[cairo] scaling performance test of cairo library

Tue Feb 8 22:23:51 PST 2011

On Wednesday 09 February 2011 05:28:46 cooolheater wrote:
> Thank you for your kind explanation.
> I used pixman-0.21.4 for testing.
> As you guessed, we are using SIMD and are finding method for NEON
> acceleration.
> Could you let me know the bilinear scaling interfaces in pixman and
> where the SIMD optimization will be applied?

You can look here for the start:
http://cgit.freedesktop.org/pixman/tree/pixman/pixman-bits-image.c?id=pixman-0.21.4#n189

But applying optimizations locally just for this small function is not
going to provide the best performance, it's kind of like swinging a
large polearm in a narrow passage is not so effective.

Going up one level, you end up in:
http://cgit.freedesktop.org/pixman/tree/pixman/pixman-bits-image.c?id=pixman-0.21.4#n281
or in
http://cgit.freedesktop.org/pixman/tree/pixman/pixman-bits-image.c?id=pixman-0.21.4#n907

Adding optimizations at this place has the benefit of being quite
general, so that it improves performance for many types of compositing
operations, but it does matrix multiplication per each scanline and some
other setup overhead. Also the pixels are fetched into a temporary buffer
to be processed later which would be a bit slower than a single pass code.

I think the fastest performance would be to use something like the following
template for nearest scaling
http://cgit.freedesktop.org/pixman/tree/pixman/pixman-fast-path.h?id=pixman-0.21.4#n250
where the scanline processing is handled by some inline function which needs
to be hooked there. The examples of such scanline processing functions are:
http://cgit.freedesktop.org/pixman/tree/pixman/pixman-sse2.c?id=pixman-0.21.4#n5705
http://cgit.freedesktop.org/pixman/tree/pixman/pixman-arm-simd-asm.S?id=pixman-0.21.4#n333

The variation for bilinear scaling would require an updated main loop
template which would need to handle 5 parts for each scanline up from 3
for nearest scaling. And the scaling functions themselves will be working
with two source scanlines instead of one. This should have the best
performance, but is specialized for each particular compositing operation.

It may make sense to both have specialized bilinear fast paths and optimized
fetchers. So there are many options, all of them can be tried keeping the
ones which turn out to be useful.

One more alternative is to use the newly added iterators. In this cases
some of the initial setup overhead like matrix multiplication can be
done just once on iterator initialization.

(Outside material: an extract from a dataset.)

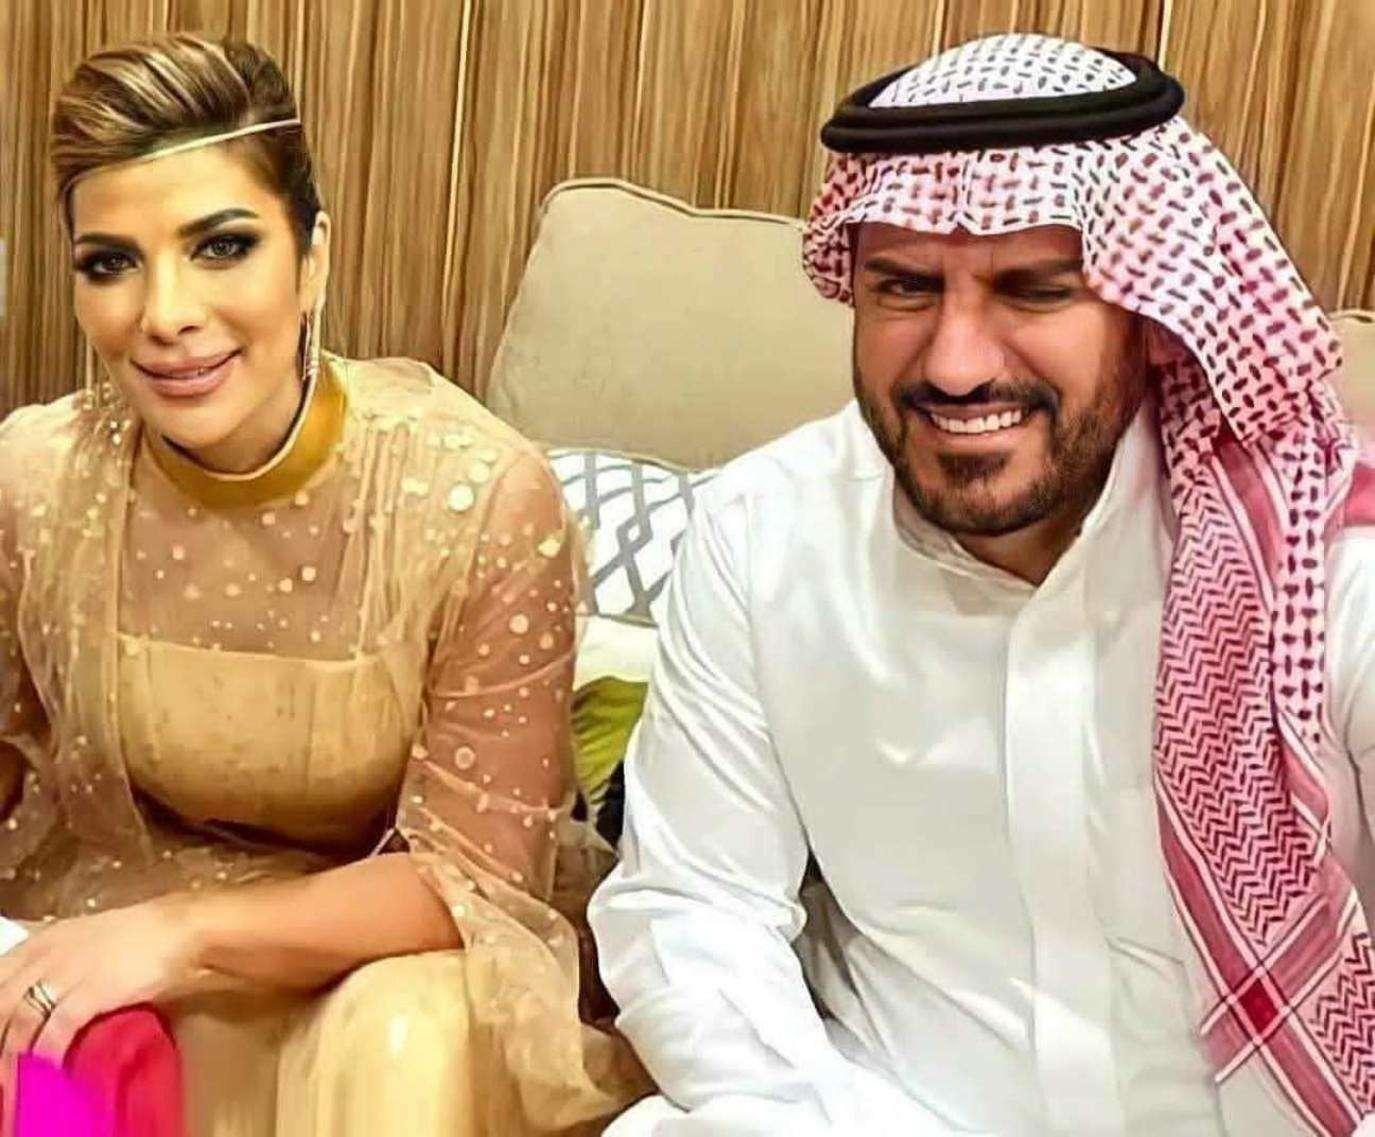 هل تعمدت أصالة إعلان زواجها ؟, صحيفة عربية -بروفايل نيوز

The standard 80/20 rule applies here. Implementing SIMD optimized bilinear
scaler itself is not so difficult. Plugging it nicely into pixman rendering
pipeline is the most challenging part because we need to support many types
of 'extend' ('repeat' in pixman terms), many types of compositing operations
and image formats.

Also this optimized code preferably needs to pass 'make check' tests. Or
the tests need to be updated to allow some minor differences when compared
to C implementation.

-- 
Best regards,
Siarhei Siamashka